Data shown:
++++++++++

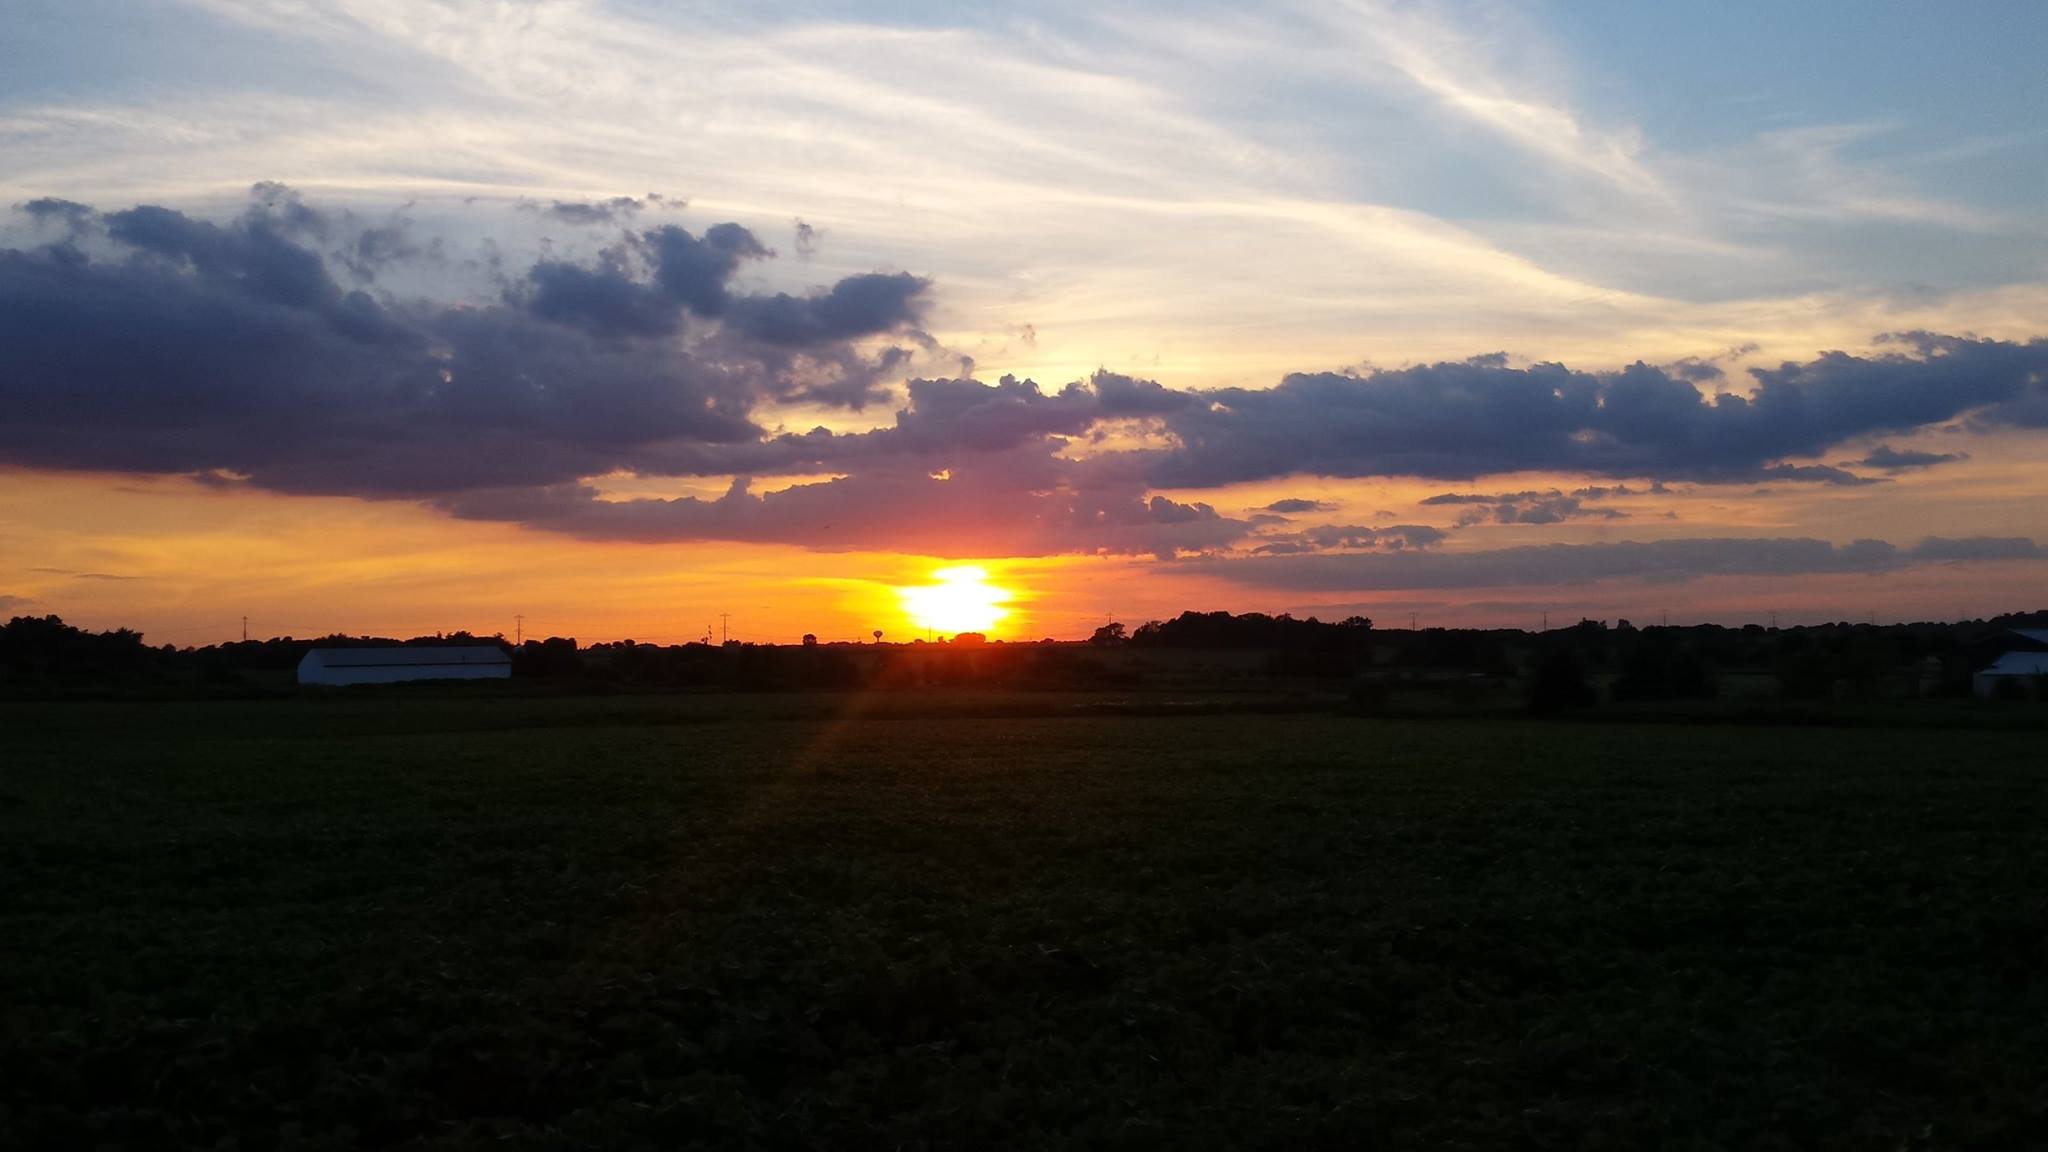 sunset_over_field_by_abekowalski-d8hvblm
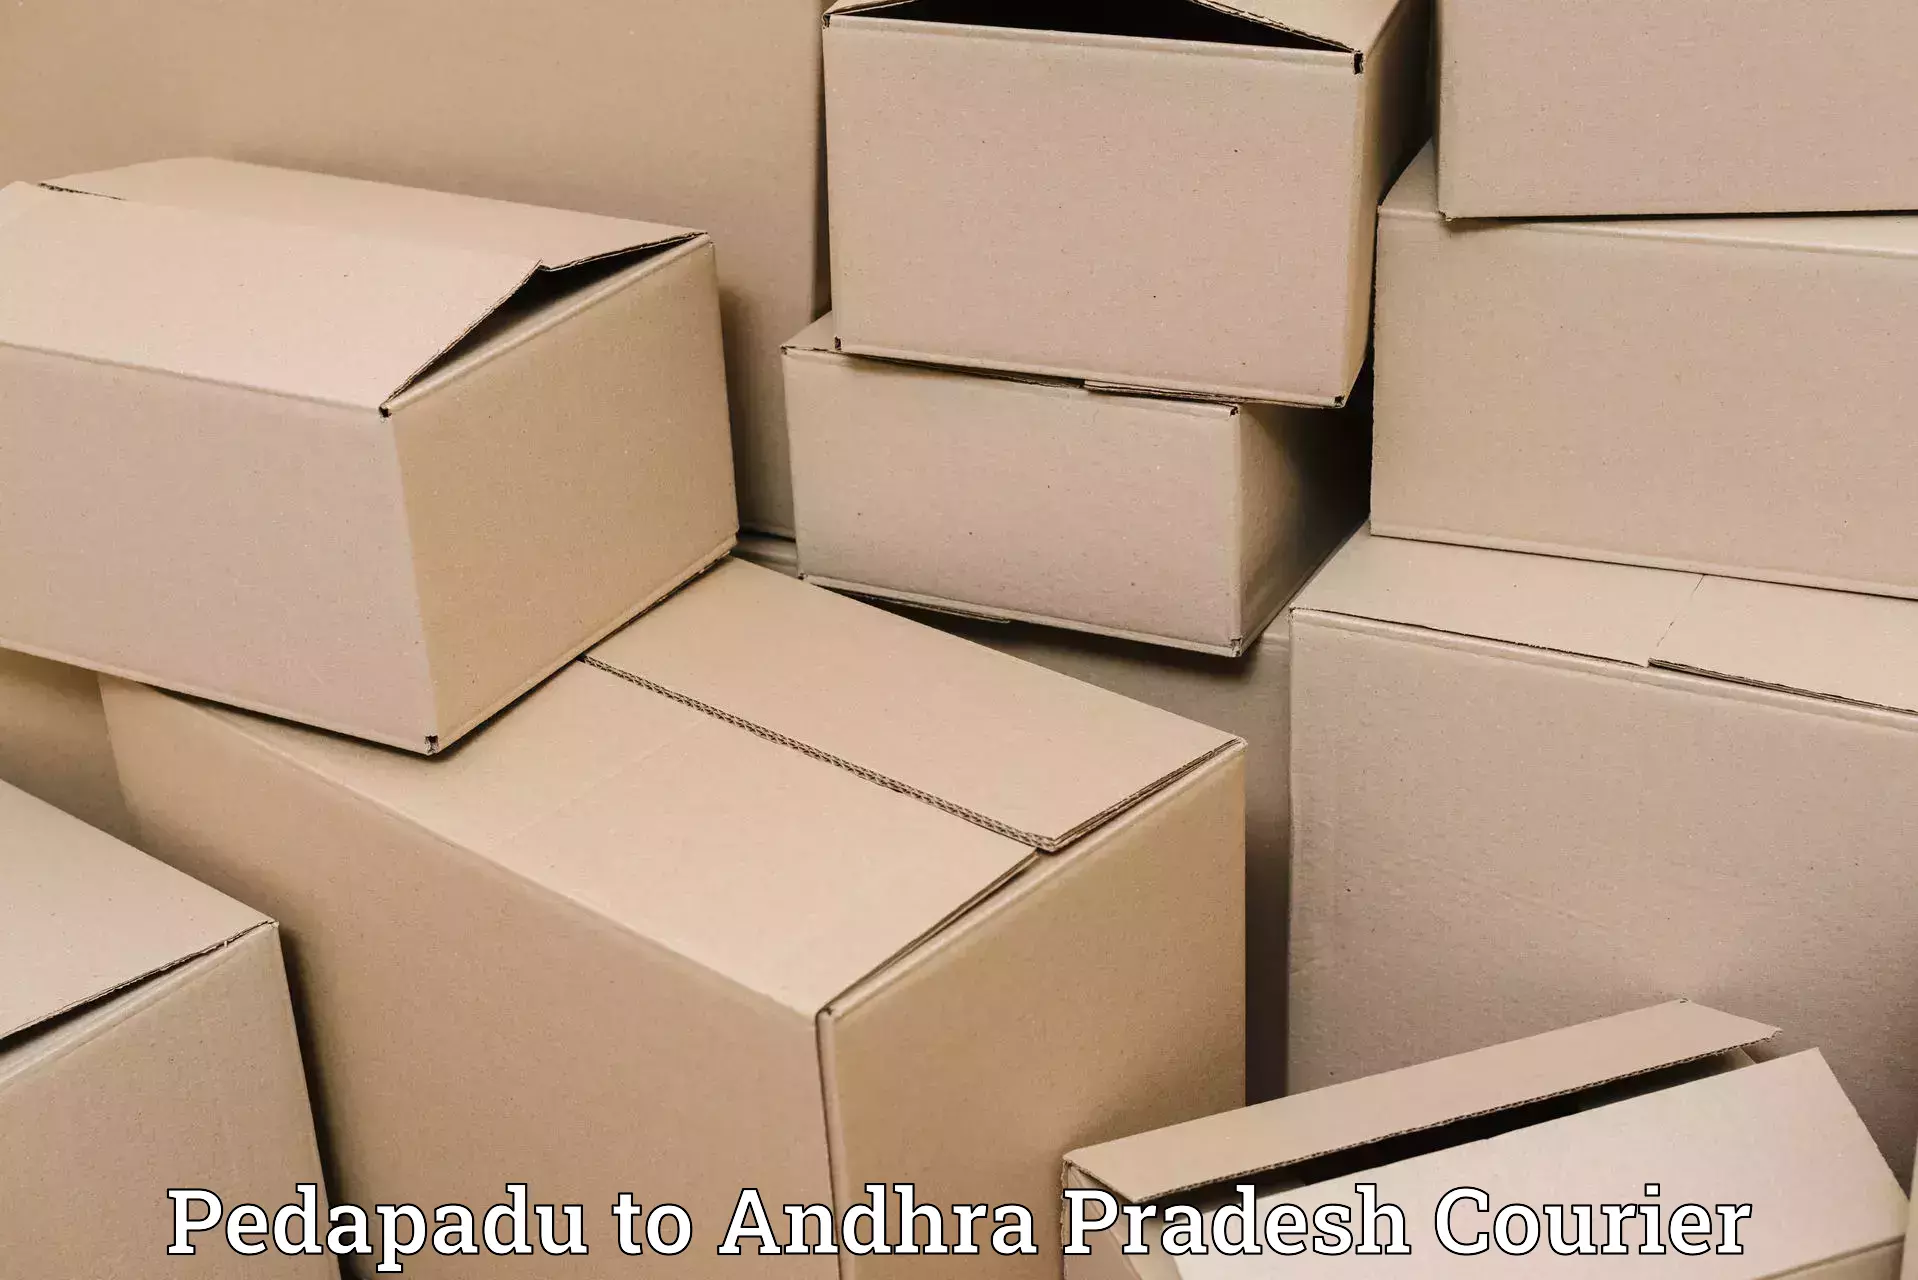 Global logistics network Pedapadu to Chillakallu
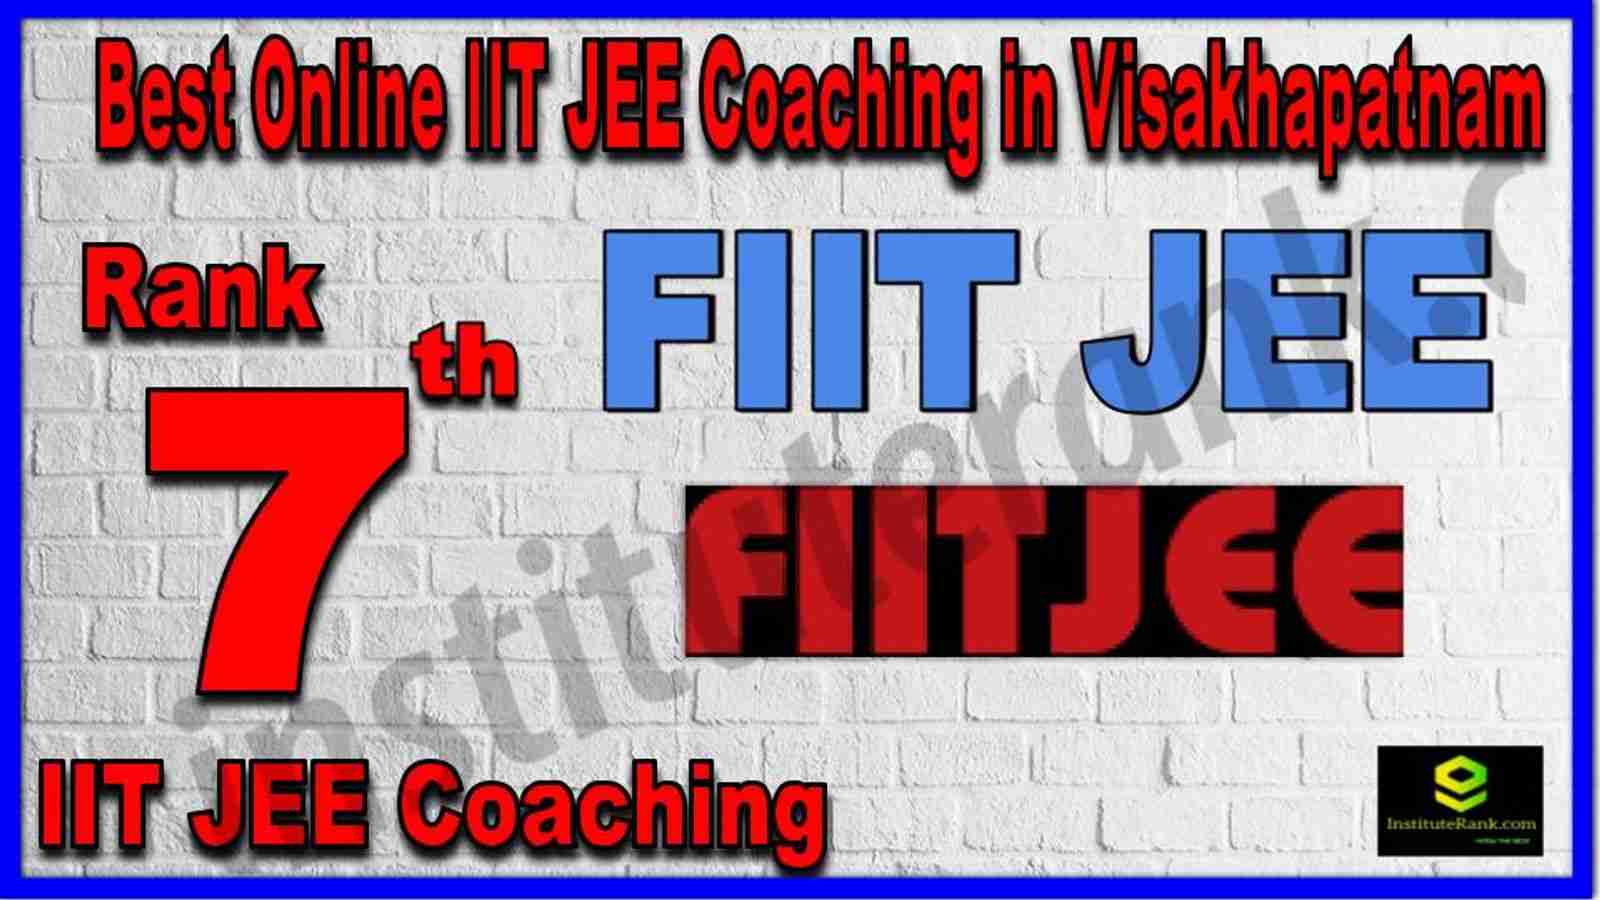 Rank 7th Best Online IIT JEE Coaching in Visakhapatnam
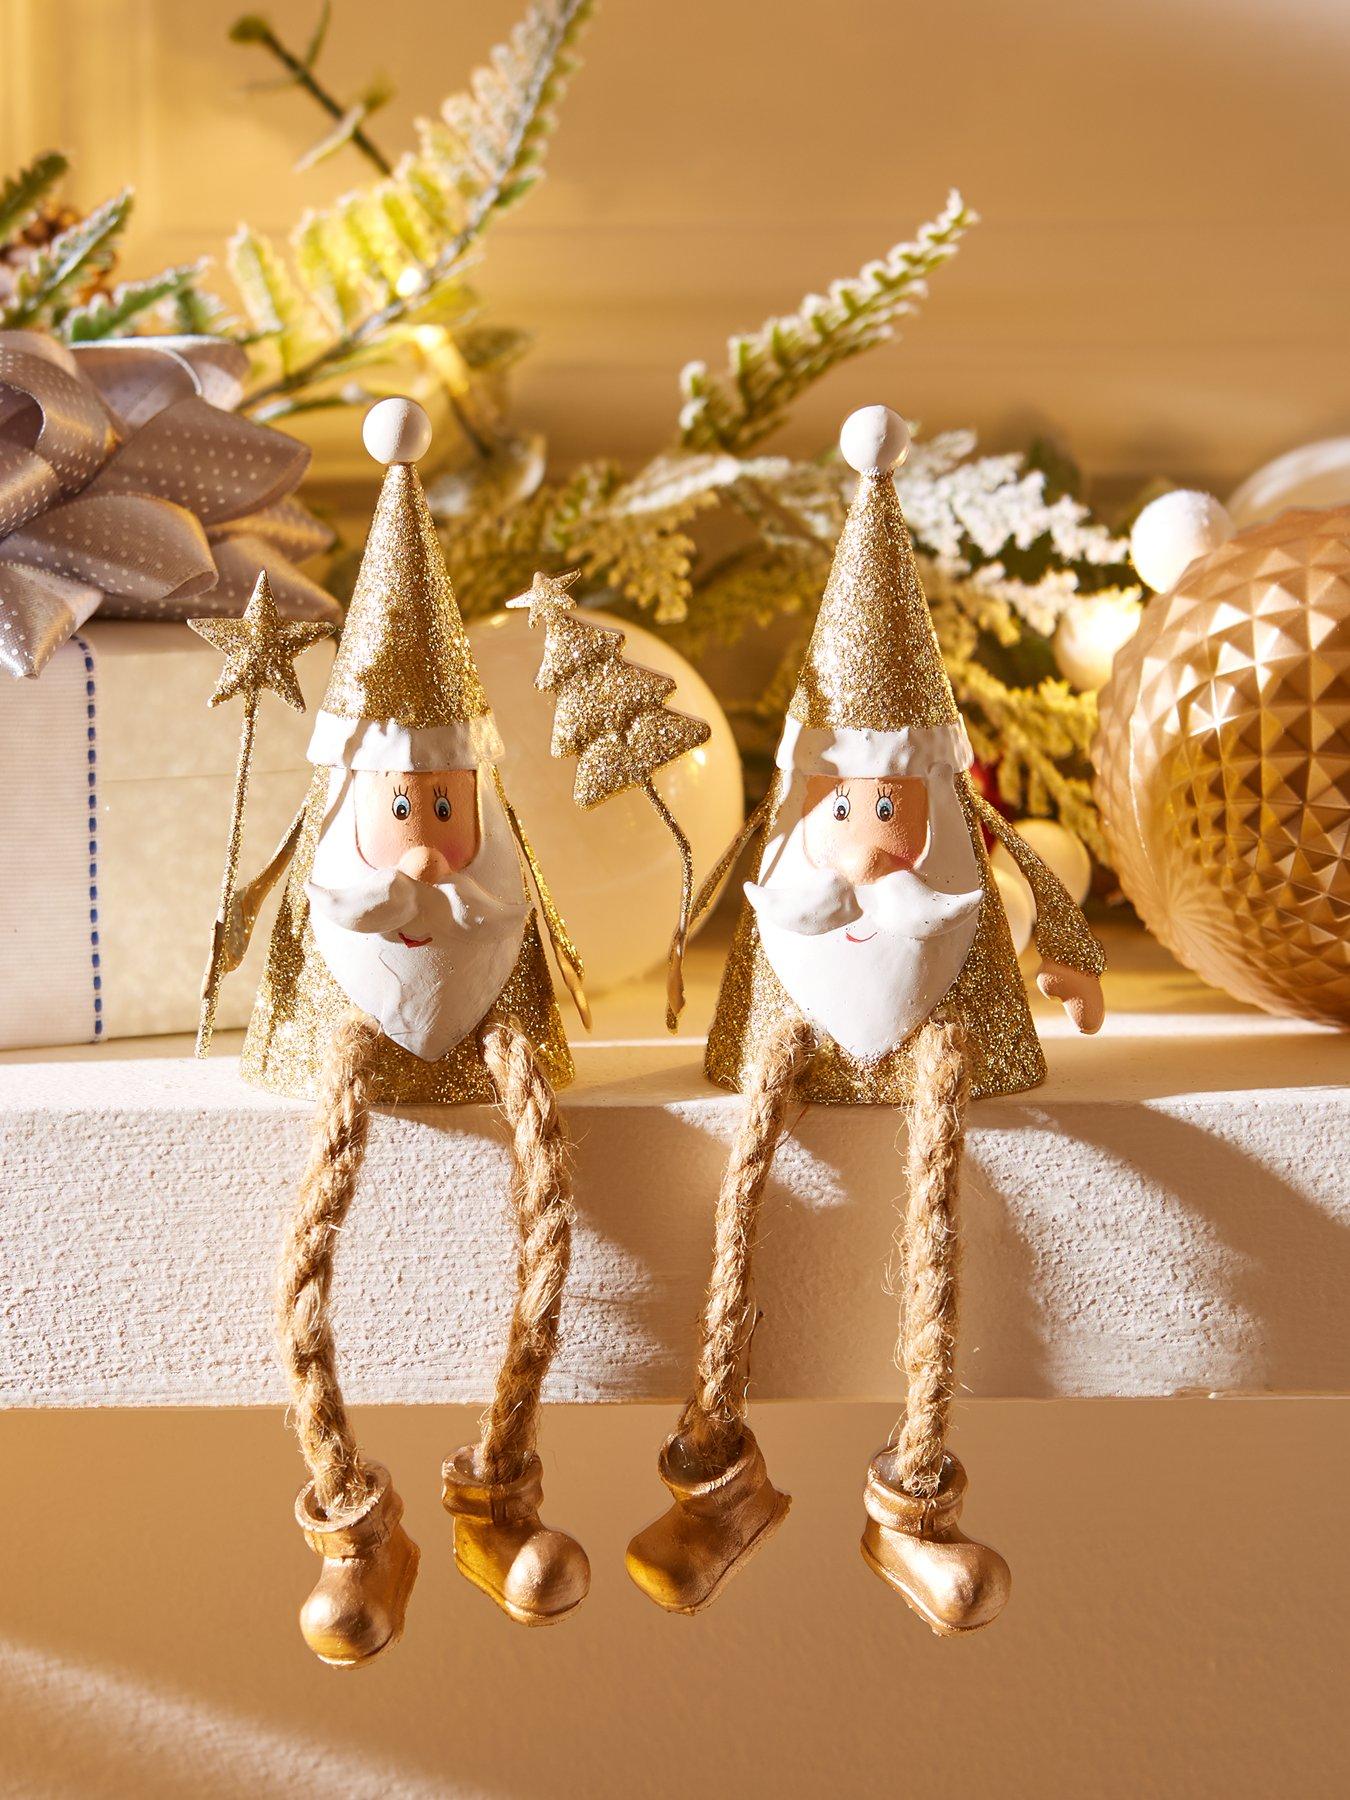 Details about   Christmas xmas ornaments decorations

++++++++++

What the task asks: Would you please transcribe the listing in full, exactly, while omitting the images?

Finished exercise:
 sunset_over_field_by_abekowalski-d8hvblm
 Global logistics network Pedapadu to Chillakallu
 Rank 7th Best Online IIT JEE Coaching in Visakhapatnam
 Details about   Christmas xmas ornaments decorations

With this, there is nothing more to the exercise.